On a more personal level we spent a workshop really delving into ourselves as well as quite a focus on introspection in the yoga sessions. It brought up a lot for me that I wasn’t expecting. I’ve always thought I’m pretty good at self-care (since I left my previous career that is!) I meditate and practice yoga most days; I exercise, I eat well, I read often, I cook, I give myself space and time to do things that make me happy. What I realised on this retreat was that everything I had been doing was pretty surface level. I was doing all this ‘stuff’ because I knew I should but not really actually delving in and acknowledging what was going on inside or even what these practices meant for me.
I learnt a lot about myself. I realised that I don’t particularly like myself – my body, my emotions, my mind. I’ve not been being kind to myself; I’ve been practicing yoga from a place of punishment rather than kindness – pushing myself to get into postures I ‘should’ be able to do rather than honouring where I’m at and enjoying delving a bit deeper into how I’m feeling in my practice. Allowing myself to move a little deeper where my boy wants it and backing off giving my body space to relax where it needs to. I’ve also learnt that I depreciate myself a lot. I need to value myself more. Have faith in my journey and the path I’m on; have patience for the future. I know it’s all been said before but – ‘practice and all is coming’ is something I need to remember more. Also putting more value into what I’m doing.
A big thing I learnt was about being vulnerable. I’ve been quite good at opening up and sharing; I’m quite an emotional person – I feel a lot and am aware of my feelings – because of this I find it quite easy to talk about things. Being vulnerable on a blog to an audience I can’t see is one thing but opening up to another person right in front of you can be super hard. The fear of judgement, of a lack of understanding can be difficult to navigate. This week has made me much more able to be vulnerable; to open up, share, truly connect with someone else on a deeper level.

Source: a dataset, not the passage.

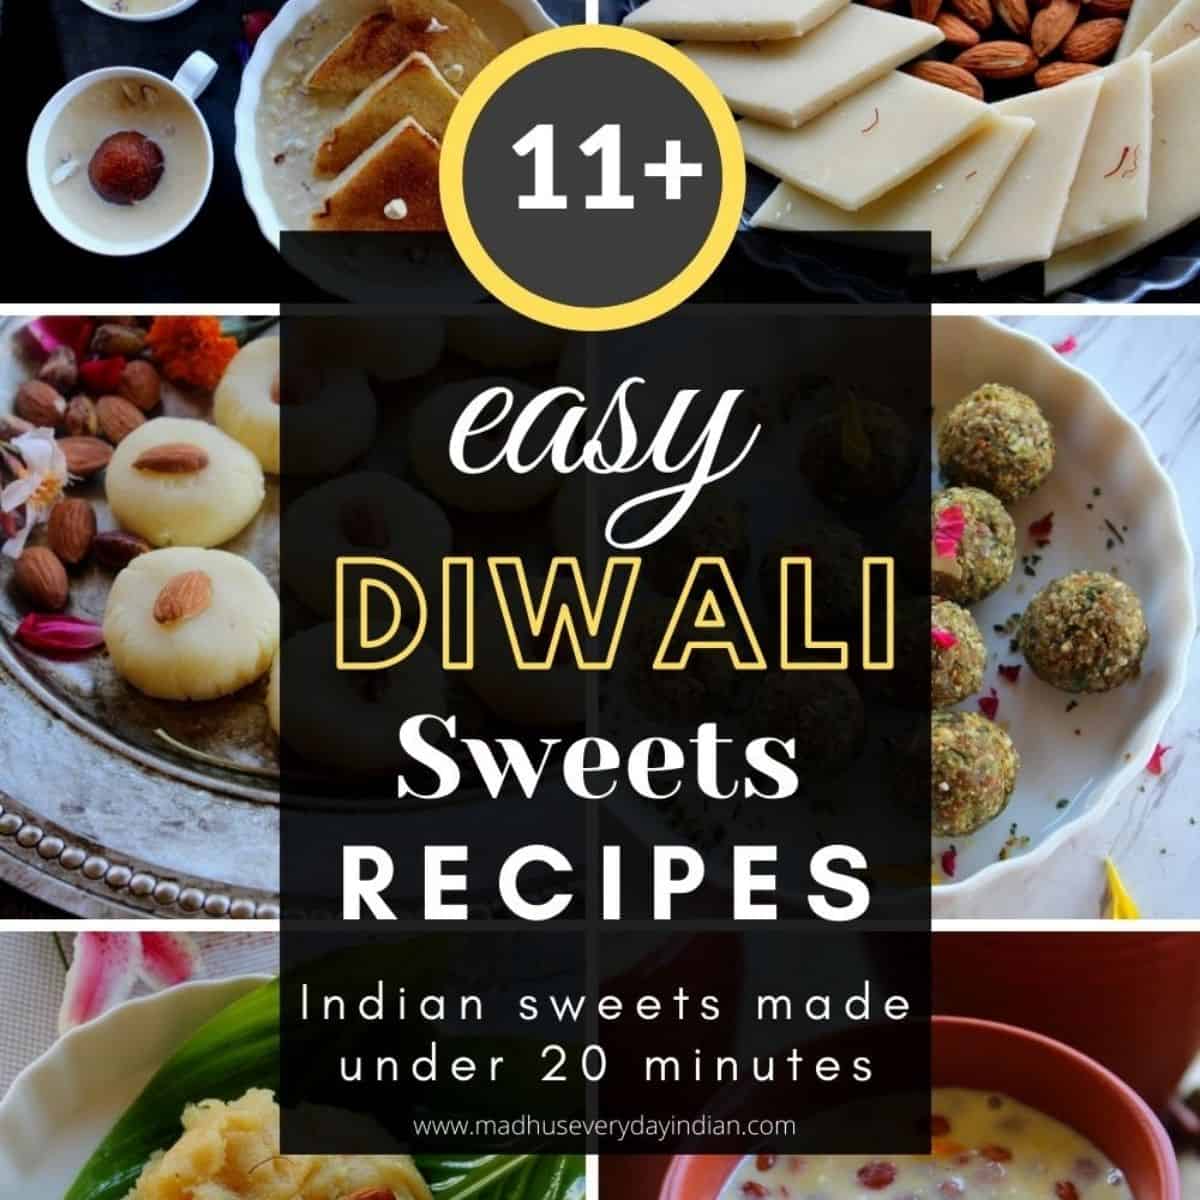 70+ Diwali Sweets Recipes - Spice Up The Curry

o I’ve spent the week really sitting with these uncomfortable revelations. Taking time to work on myself. I still have a lot of work to do but that’s ok; it’s a process. Life is a journey and I’m looking forward to what comes next, seeing how I can change and develop. I’m excited for the next step. Cannot thank Steffy White and the other girls on the retreat enough for the experiences; so much love for them all.